··· RECORDS SUPPLIED ···

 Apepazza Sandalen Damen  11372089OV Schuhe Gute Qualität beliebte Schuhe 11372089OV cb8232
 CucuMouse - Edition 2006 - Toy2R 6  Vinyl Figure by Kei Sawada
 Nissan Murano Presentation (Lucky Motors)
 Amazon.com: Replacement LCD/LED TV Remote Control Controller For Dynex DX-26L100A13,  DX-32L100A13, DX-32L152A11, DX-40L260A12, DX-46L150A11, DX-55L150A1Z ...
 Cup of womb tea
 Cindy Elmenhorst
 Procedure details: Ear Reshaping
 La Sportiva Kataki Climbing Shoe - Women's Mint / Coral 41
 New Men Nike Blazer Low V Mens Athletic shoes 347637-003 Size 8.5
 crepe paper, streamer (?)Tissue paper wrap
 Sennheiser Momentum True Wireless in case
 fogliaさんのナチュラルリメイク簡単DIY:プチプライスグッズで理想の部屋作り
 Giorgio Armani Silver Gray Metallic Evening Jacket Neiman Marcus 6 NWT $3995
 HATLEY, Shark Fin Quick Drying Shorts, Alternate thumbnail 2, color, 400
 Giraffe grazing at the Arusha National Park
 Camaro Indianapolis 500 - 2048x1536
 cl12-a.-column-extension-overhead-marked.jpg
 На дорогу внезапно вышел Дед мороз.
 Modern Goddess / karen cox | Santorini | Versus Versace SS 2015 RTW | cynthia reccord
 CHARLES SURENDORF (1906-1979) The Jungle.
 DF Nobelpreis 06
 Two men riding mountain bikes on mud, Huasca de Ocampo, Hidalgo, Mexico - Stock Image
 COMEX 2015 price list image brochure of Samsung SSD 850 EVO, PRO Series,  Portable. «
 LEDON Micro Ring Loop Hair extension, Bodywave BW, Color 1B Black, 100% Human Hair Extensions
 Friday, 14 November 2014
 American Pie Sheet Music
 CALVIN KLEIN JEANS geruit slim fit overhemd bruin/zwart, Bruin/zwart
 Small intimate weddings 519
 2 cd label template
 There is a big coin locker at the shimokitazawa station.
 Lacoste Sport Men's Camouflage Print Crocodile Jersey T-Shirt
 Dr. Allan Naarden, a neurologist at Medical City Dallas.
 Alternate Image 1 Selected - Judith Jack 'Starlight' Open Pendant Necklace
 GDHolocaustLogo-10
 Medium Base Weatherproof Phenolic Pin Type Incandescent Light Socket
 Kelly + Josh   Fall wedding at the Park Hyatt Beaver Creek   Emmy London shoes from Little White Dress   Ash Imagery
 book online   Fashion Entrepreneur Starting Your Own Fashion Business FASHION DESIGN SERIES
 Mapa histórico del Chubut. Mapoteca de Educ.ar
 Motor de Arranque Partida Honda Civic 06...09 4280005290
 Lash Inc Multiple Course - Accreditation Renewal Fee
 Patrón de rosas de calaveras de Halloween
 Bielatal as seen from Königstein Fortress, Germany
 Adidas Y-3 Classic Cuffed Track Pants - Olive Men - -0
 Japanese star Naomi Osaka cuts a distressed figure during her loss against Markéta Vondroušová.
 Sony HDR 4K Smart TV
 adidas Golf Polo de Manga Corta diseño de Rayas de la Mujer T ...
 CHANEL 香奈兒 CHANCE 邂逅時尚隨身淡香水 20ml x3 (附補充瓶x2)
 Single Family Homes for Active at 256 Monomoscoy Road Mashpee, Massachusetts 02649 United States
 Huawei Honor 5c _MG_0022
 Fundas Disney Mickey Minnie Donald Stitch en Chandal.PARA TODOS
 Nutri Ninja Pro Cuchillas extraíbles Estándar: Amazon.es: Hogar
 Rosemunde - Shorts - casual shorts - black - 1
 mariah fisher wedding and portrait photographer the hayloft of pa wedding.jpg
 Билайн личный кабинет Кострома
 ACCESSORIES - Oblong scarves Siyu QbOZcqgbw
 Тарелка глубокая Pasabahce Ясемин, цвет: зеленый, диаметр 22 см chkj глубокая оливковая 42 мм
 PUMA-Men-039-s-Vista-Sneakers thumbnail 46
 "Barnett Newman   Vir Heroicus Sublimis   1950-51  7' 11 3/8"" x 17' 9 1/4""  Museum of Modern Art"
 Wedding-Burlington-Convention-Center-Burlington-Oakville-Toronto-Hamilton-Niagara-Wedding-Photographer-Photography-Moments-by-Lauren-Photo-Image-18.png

···

=== WORK TO BE COMPLETED ===
Each entry must appear in the reply exactly as written.

=== TASK ANSWER ===
 Apepazza Sandalen Damen  11372089OV Schuhe Gute Qualität beliebte Schuhe 11372089OV cb8232
 CucuMouse - Edition 2006 - Toy2R 6  Vinyl Figure by Kei Sawada
 Nissan Murano Presentation (Lucky Motors)
 Amazon.com: Replacement LCD/LED TV Remote Control Controller For Dynex DX-26L100A13,  DX-32L100A13, DX-32L152A11, DX-40L260A12, DX-46L150A11, DX-55L150A1Z ...
 Cup of womb tea
 Cindy Elmenhorst
 Procedure details: Ear Reshaping
 La Sportiva Kataki Climbing Shoe - Women's Mint / Coral 41
 New Men Nike Blazer Low V Mens Athletic shoes 347637-003 Size 8.5
 crepe paper, streamer (?)Tissue paper wrap
 Sennheiser Momentum True Wireless in case
 fogliaさんのナチュラルリメイク簡単DIY:プチプライスグッズで理想の部屋作り
 Giorgio Armani Silver Gray Metallic Evening Jacket Neiman Marcus 6 NWT $3995
 HATLEY, Shark Fin Quick Drying Shorts, Alternate thumbnail 2, color, 400
 Giraffe grazing at the Arusha National Park
 Camaro Indianapolis 500 - 2048x1536
 cl12-a.-column-extension-overhead-marked.jpg
 На дорогу внезапно вышел Дед мороз.
 Modern Goddess / karen cox | Santorini | Versus Versace SS 2015 RTW | cynthia reccord
 CHARLES SURENDORF (1906-1979) The Jungle.
 DF Nobelpreis 06
 Two men riding mountain bikes on mud, Huasca de Ocampo, Hidalgo, Mexico - Stock Image
 COMEX 2015 price list image brochure of Samsung SSD 850 EVO, PRO Series,  Portable. «
 LEDON Micro Ring Loop Hair extension, Bodywave BW, Color 1B Black, 100% Human Hair Extensions
 Friday, 14 November 2014
 American Pie Sheet Music
 CALVIN KLEIN JEANS geruit slim fit overhemd bruin/zwart, Bruin/zwart
 Small intimate weddings 519
 2 cd label template
 There is a big coin locker at the shimokitazawa station.
 Lacoste Sport Men's Camouflage Print Crocodile Jersey T-Shirt
 Dr. Allan Naarden, a neurologist at Medical City Dallas.
 Alternate Image 1 Selected - Judith Jack 'Starlight' Open Pendant Necklace
 GDHolocaustLogo-10
 Medium Base Weatherproof Phenolic Pin Type Incandescent Light Socket
 Kelly + Josh   Fall wedding at the Park Hyatt Beaver Creek   Emmy London shoes from Little White Dress   Ash Imagery
 book online   Fashion Entrepreneur Starting Your Own Fashion Business FASHION DESIGN SERIES
 Mapa histórico del Chubut. Mapoteca de Educ.ar
 Motor de Arranque Partida Honda Civic 06...09 4280005290
 Lash Inc Multiple Course - Accreditation Renewal Fee
 Patrón de rosas de calaveras de Halloween
 Bielatal as seen from Königstein Fortress, Germany
 Adidas Y-3 Classic Cuffed Track Pants - Olive Men - -0
 Japanese star Naomi Osaka cuts a distressed figure during her loss against Markéta Vondroušová.
 Sony HDR 4K Smart TV
 adidas Golf Polo de Manga Corta diseño de Rayas de la Mujer T ...
 CHANEL 香奈兒 CHANCE 邂逅時尚隨身淡香水 20ml x3 (附補充瓶x2)
 Single Family Homes for Active at 256 Monomoscoy Road Mashpee, Massachusetts 02649 United States
 Huawei Honor 5c _MG_0022
 Fundas Disney Mickey Minnie Donald Stitch en Chandal.PARA TODOS
 Nutri Ninja Pro Cuchillas extraíbles Estándar: Amazon.es: Hogar
 Rosemunde - Shorts - casual shorts - black - 1
 mariah fisher wedding and portrait photographer the hayloft of pa wedding.jpg
 Билайн личный кабинет Кострома
 ACCESSORIES - Oblong scarves Siyu QbOZcqgbw
 Тарелка глубокая Pasabahce Ясемин, цвет: зеленый, диаметр 22 см chkj глубокая оливковая 42 мм
 PUMA-Men-039-s-Vista-Sneakers thumbnail 46
 "Barnett Newman   Vir Heroicus Sublimis   1950-51  7' 11 3/8"" x 17' 9 1/4""  Museum of Modern Art"
 Wedding-Burlington-Convention-Center-Burlington-Oakville-Toronto-Hamilton-Niagara-Wedding-Photographer-Photography-Moments-by-Lauren-Photo-Image-18.png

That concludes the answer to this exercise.